The Bell Curve: Intelligence and Class Structure in American Life

Home > Other > The Bell Curve: Intelligence and Class Structure in American Life > Page 70
The Bell Curve: Intelligence and Class Structure in American Life Page 70

by Richard J. Herrnstein


  Correlations of the AFQT with Other IQ Tests in The NLSY

  Sample Correlation with the AFQT

  California Test of Mental Maturity 356 .81

  Coop School and College Ability Test 121 .90

  Differential Atitude Test 443 .81

  Henmon Nelson Test of Mental Maturity 152 .71

  Kuhlmann-Anderson Intelligence Test 36 .80

  Lorge-Thorndike Intelligence Test 170 .72

  Otis-Lennnon Mental Ability Test 530 .81

  The magnitudes of the correlations between the AFQT (using the age-referenced percentile scores) and classic IQ tests are as high as or higher than the observed correlations of the classic IQ tests with each other. For example, the best-known adult test, the WAIS, is known to correlate (using the median correlation with various studies, and not correcting for restriction of range in the samples) with the Stanford-Binet at .77, with the Ravens Standard Progressive Matrices at .72, the SRA Non-verbal test at .81, the Peabody Picture Vocabulary Test at .83, and the Otis at .78.14 The table below summarizes the intercorrelations of IQ tests, based on the comparisons assembled by Arthur Jensen as of 1980, and adding a line for the AFQT comparisons from the NLSY. The AFQT compares favorably with the other major IQ tests by this measure, which in turn is consistent with the high g-loading of the AFQT.

  Correlations of the Major IQ Tests with Other Standardized Mental Tests

  Median Correlation with Other Mental Tests

  Source: Jensen 1980, Table 8.5, and authors’ analysis of the NLSY.

  AFQT (age-referenced, 1989 scoring) .81

  Wechsler-Bellevue I .73

  Wechsler Adult Intelligence Scale (WAIS) .77

  Wechsler Intelligence Scale for Children .64

  Stanford-Binet .71

  HOW SENSITIVE ARE THE RESULTS TO THE ASSUMPTION THAT IQ IS NORMALLY DISTRIBUTED?

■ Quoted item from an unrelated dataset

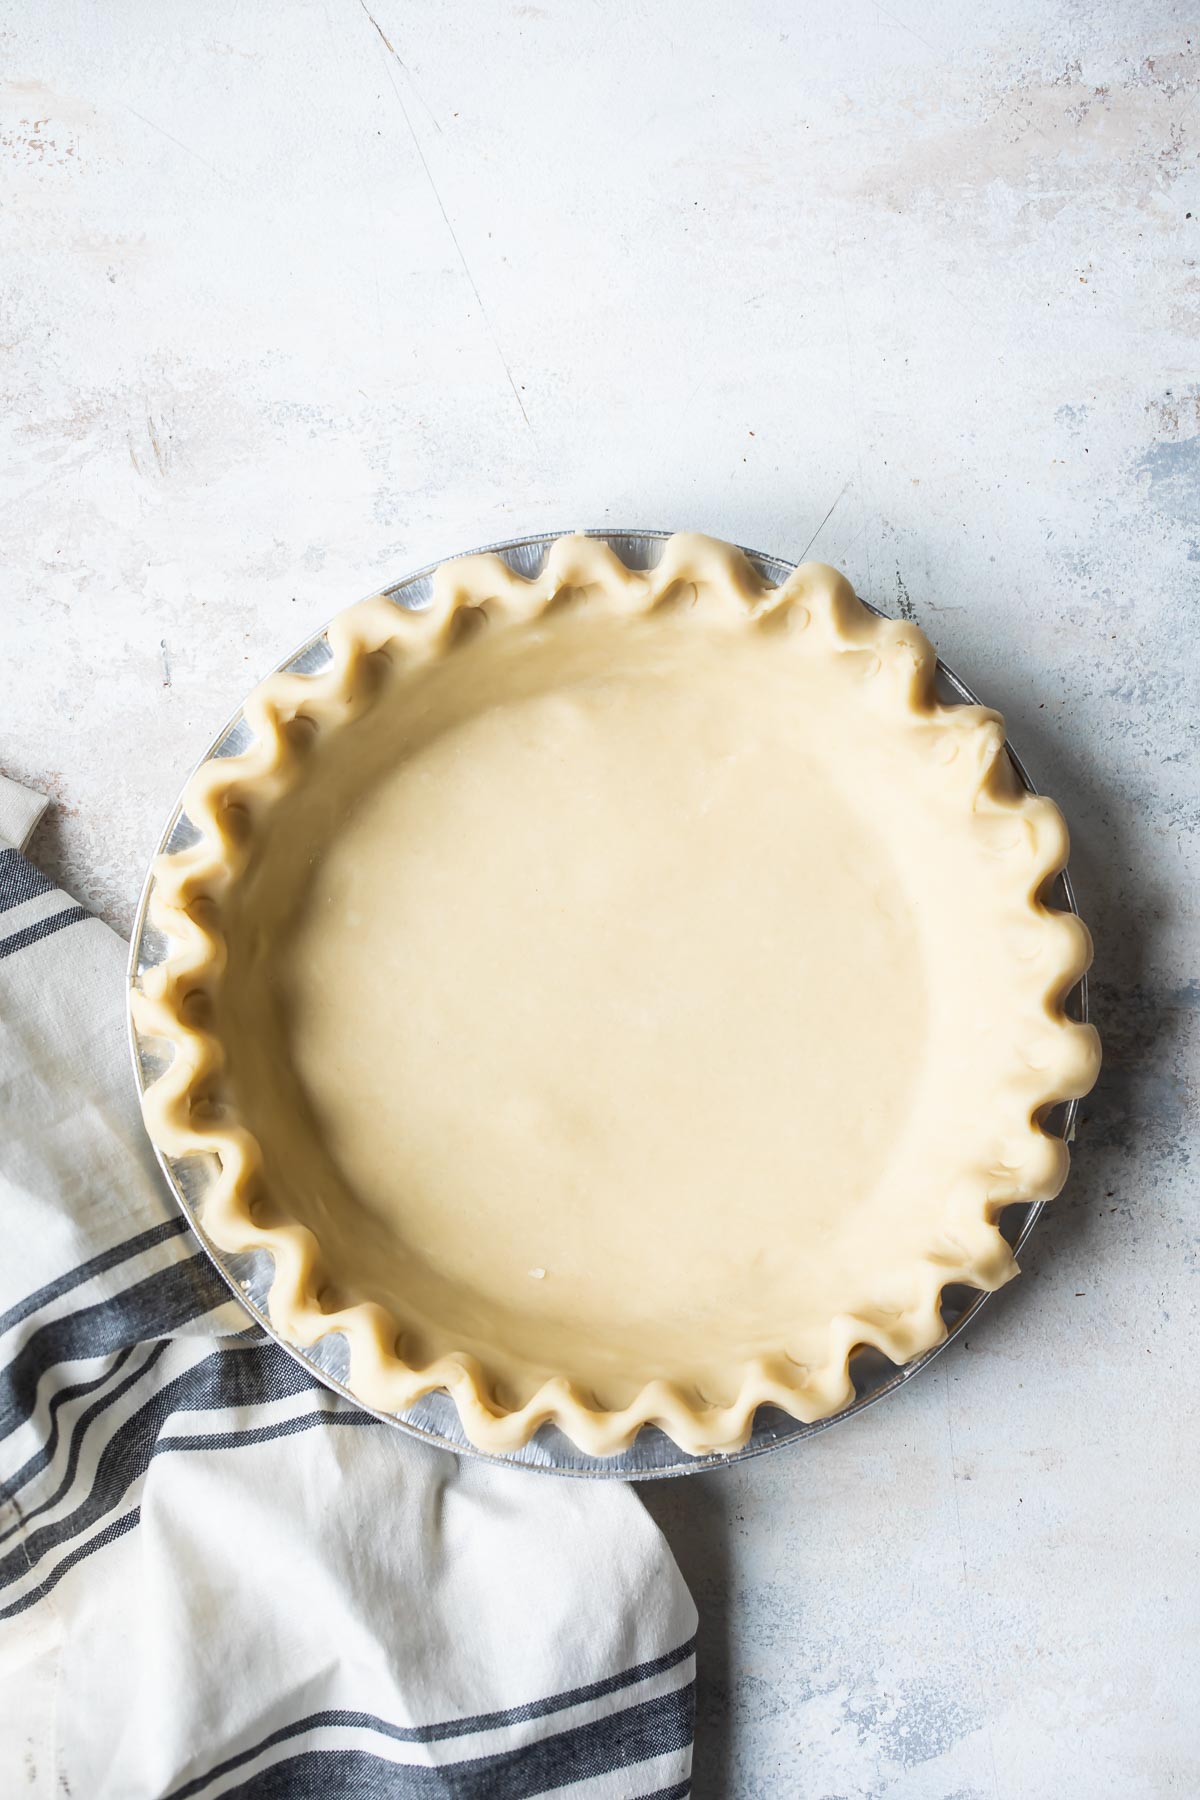 https://www.culinaryhill.com/wp-content/uploads/2023/03/How-to-Make-a-Pie-Crust-Culinary-Hill-LR-09.jpg

  Any good test designed to measure a complex ability (whether a test of cognitive ability or carpentry ability) will have several characteristics that common sense says are desirable: a large number of items, a wide range of difficulty among the items, no marked gaps in the difficulty of the items, a variety of types of items, and items that have some relationship to each other (i.e., are to some degree measuring the same thing).15 Empirically, tests with these characteristics, administered to a representative sample of those for whom the test is intended, will yield scores that are spread out in a fashion resembling a normal distribution, or a bell curve. In this sense, tests of mental ability are not designed to produce normally distributed scores; that’s just what happens, the same way that height is normally distributed without anyone planning it.

  It is also true, however, that tests are usually scored and standardized under the assumption that intelligence is normally distributed, and this has led to allegations that psychometricians have bamboozled people into accepting that intelligence is normally distributed, when in fact it may just be an artifact of the way they choose to measure intelligence. For a response to such allegations, Chapter 4 of Arthur Jensen’s Bias in Mental Testing (New York: Free Press, 1980) remains the best discussion we have seen.

  For purposes of assessing the analyses in this book, it may help readers to know the extent to which any assumptions about the distribution of AFQT scores might have affected the results, especially since we rescored the AFQT to correct for skew (see Appendix 2). The descriptive statistics showing the breakdown of each variable by cognitive class, presented in each chapter of Part II, address that issue. Assignment to cognitive classes was based on the subject’s rank within the distribution, and these ranks are invariant no matter what the normality of the distribution might be. Ranks were also unaffected by the correction for skew.

  The descriptive statistics in the text were bivariate. To examine this issue in a multivariate framework, we replicated the analyses of Part II substituting a set of nominal variables, denoting the cognitive classes, for the continuous AFQT measure. That is, the regression treated “membership in Class I” as a nominal variable, just as it would treat “married” or “Latino” as a nominal characteristic—and similarly for the other four cognitive classes, also entered as nominal variables (See Appendix 4 for a discussion of how to interpret the coefficients for nominal variables as created by the software used in these analyses, JMP 3.0). Below, we show the results for the opening analysis of Part II (Chapter 5), the probability of being in poverty.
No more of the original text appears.